Why You Should Be Screening Your Remote Employees’ Social Media

According to Global Workplace Analytics, at least 40% of the workforce works remotely with some frequency. That number has only skyrocketed as companies shift to remote work amidst the COVID-19 crisis. As a result, people managers are having to learn how to manage a remote workforce, which involves asking dozens of employees to interact across online platforms that all too often mimic the functions of social media. This leads us to ask: if the majority of a company's workforce is operating online, shouldn't their online behavior be, well, screened too?

Remote worker’s primary communication is online platforms

Chances are, if a significant portion of your team is remote, you’ve probably invested in a chat tool such as Slack, Flock, or Microsoft Teams to replace your sense of office community. The great thing about these tools is that they function like a virtual office and support quick, efficient communication across the board. Gone are the days of having your inbox inundated by endless reply-all threads!

The caveat is that these tools are very similar to social media--which in turn encourages more informal communication and relaxed personal/professional barriers. That doesn’t innately mean that these tools are bad--in fact they can help foster strong interpersonal connections between those that have access to the office and those that don’t. However, their Twitter-like chat style can invite toxic communication emboldened by the oftentimes depersonalized nature of working online. It follows then, that the most important thing you could do to get a clearer picture of your remote candidate is to screen their social media for signs of intolerance and bullying. In fact...
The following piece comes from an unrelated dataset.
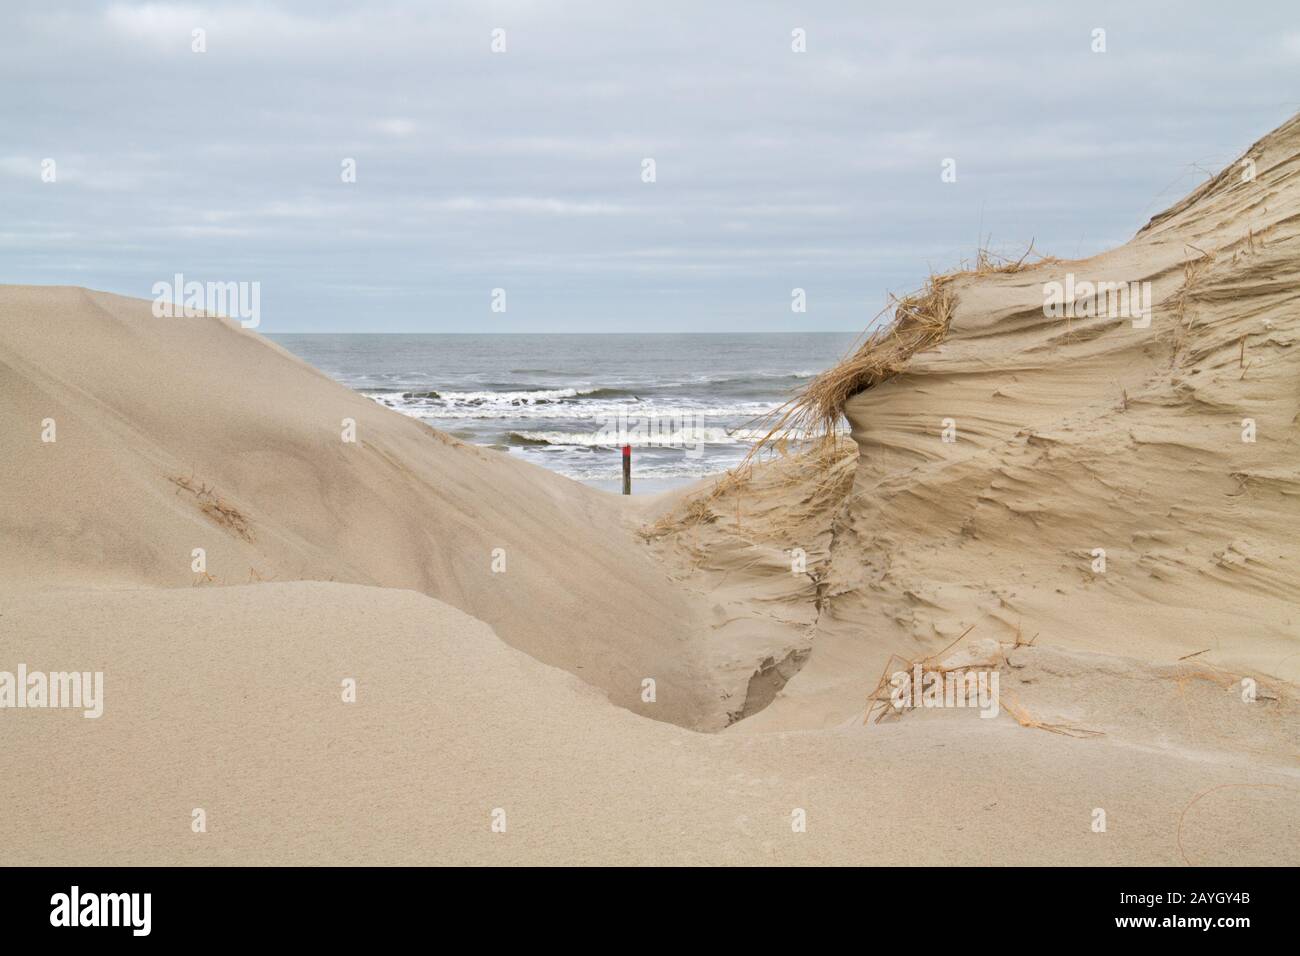 View on beach with a beach pole and the North sea between two dunes Stock Photo

Cyberbullying in the workplace is on the rise

According to a recent SHRM article, The American Psychological Society estimates that US businesses lose about $300 billion a year to workplace cyberbullying-related incidents. Statistics from a 2014 survey indicate that nearly 30% of employees have experienced some form of bullying--most of which still comes from higher-ups throwing their weight around. Cyberbullying, while we mostly think of it as something that happens in secondary school, is just as much a part of toxic workplace culture as any other form of harassment and likely contributes to the statistic that one in four employees dread going to work.

The truth is, companies don’t need a physical workplace for bullying to become a rampant problem--the tools already exist, whether on work platforms or off-duty on social media sites. While working from home may generally reduce an employees’ stress levels, your remote employees are just as susceptible and just as capable of harassing each other from the comfort of their own homes, creating an even more difficult situation for your HR department to manage.

The good news is that social media screening can help foresee some of this toxic behavior and, like we mentioned earlier, give your hiring manager a clearer picture of your candidate by flagging potentially verbally abusive or threatening behavior. Whether it’s continuing to perform periodic screenings to better inform your understanding of employee health or an initial background screening for new employees in the door, social media screening is an essential tool for assessing brand risk as well as culture fit. As companies move more and more of their operations out of the office and into the cloud, social media screening is fast-becoming a necessary tool for benchmarking (and preventing) toxic behavior in the workplace.

You should be standardizing your screening process anyway

It goes without saying that your in-office employees are still using the same tools and are just as susceptible to toxic behavior. The case still stands that screening is necessary for remote employees due to their high dependency on online communication, but the truth is that every employee, in-office or remote, is capable of toxic behavior, and social media screening remains an excellent tool to gauge how that might crop up at work. Whether they hang around the water cooler or your spam your #random channel, all of your employees deserve a standardized treatment, which is why one of our recommended best practices is to perform uniform baseline screening procedures on everyone that enters your workforce.